Aim of the exercise - Return exactly the span of lines in the following data that opens with the line containing "Industrial design - Doimo" and closes with the line containing "KLCOM BLACK DIAMOND". Include nothing else.

*** Opening Listed records ***

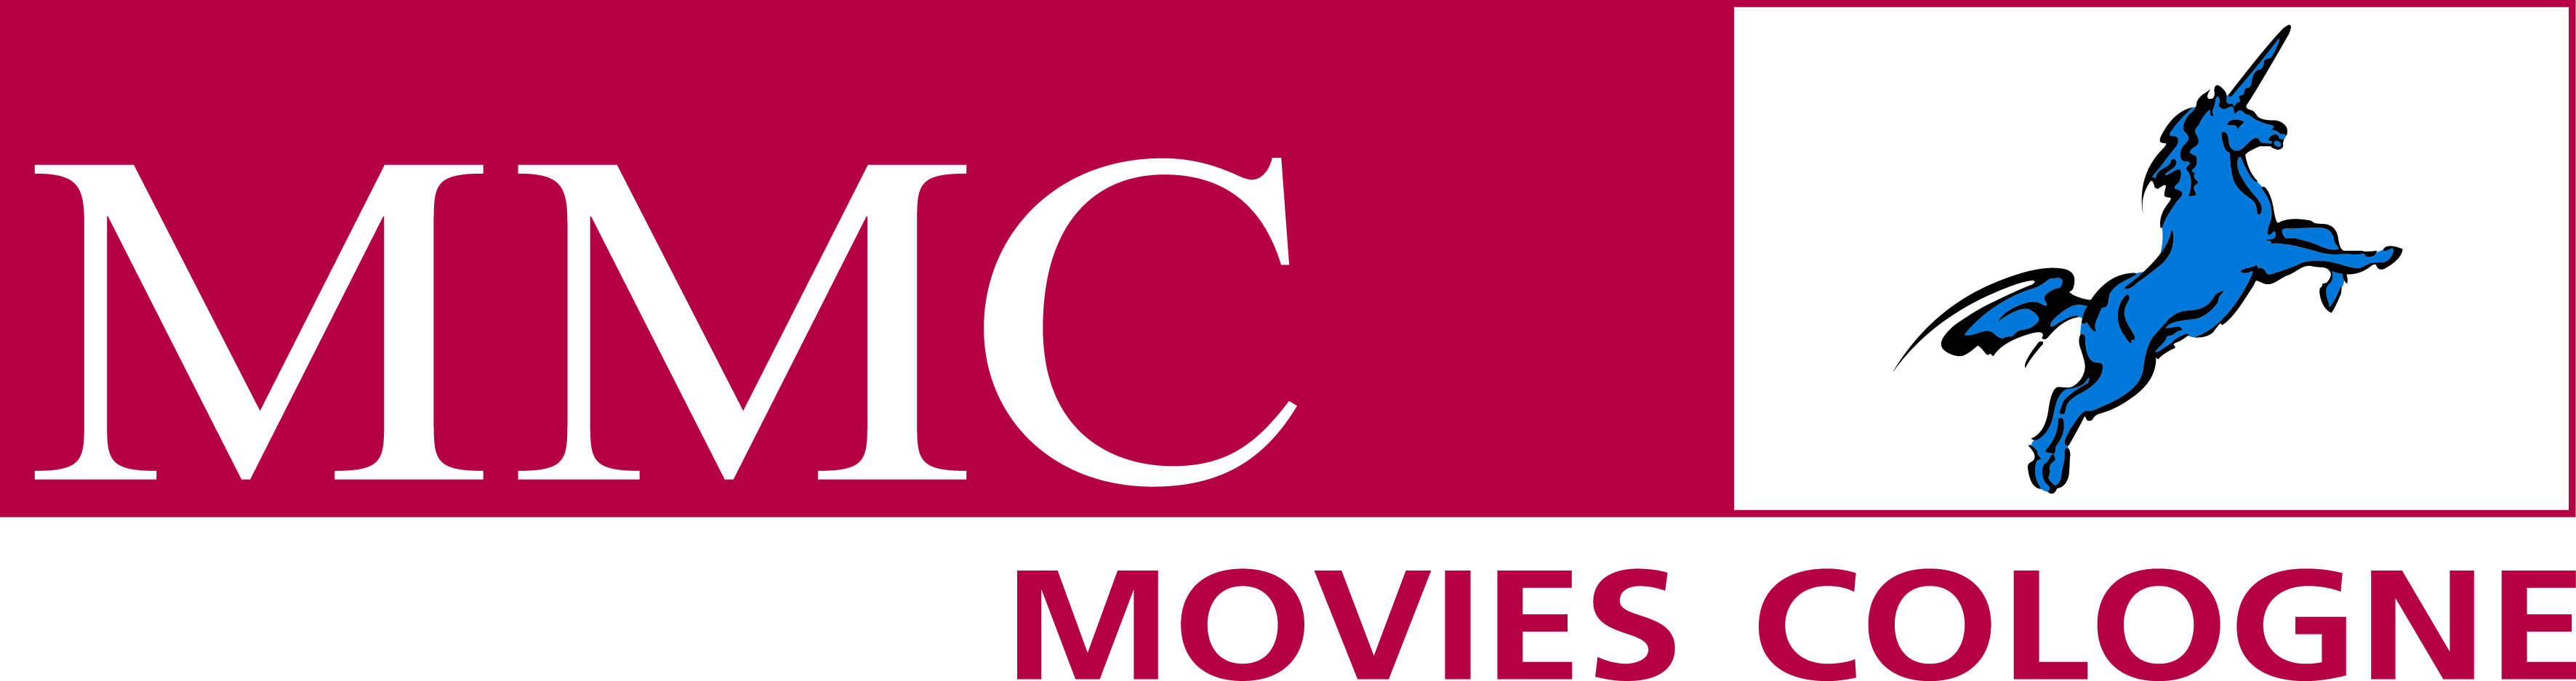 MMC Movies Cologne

*** Closing Listed records ***
*** Opening Listed records ***

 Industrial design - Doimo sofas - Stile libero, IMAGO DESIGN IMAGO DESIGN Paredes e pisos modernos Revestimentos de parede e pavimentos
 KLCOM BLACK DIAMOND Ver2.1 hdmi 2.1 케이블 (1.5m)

*** Closing Listed records ***

Response -
 Industrial design - Doimo sofas - Stile libero, IMAGO DESIGN IMAGO DESIGN Paredes e pisos modernos Revestimentos de parede e pavimentos
 KLCOM BLACK DIAMOND Ver2.1 hdmi 2.1 케이블 (1.5m)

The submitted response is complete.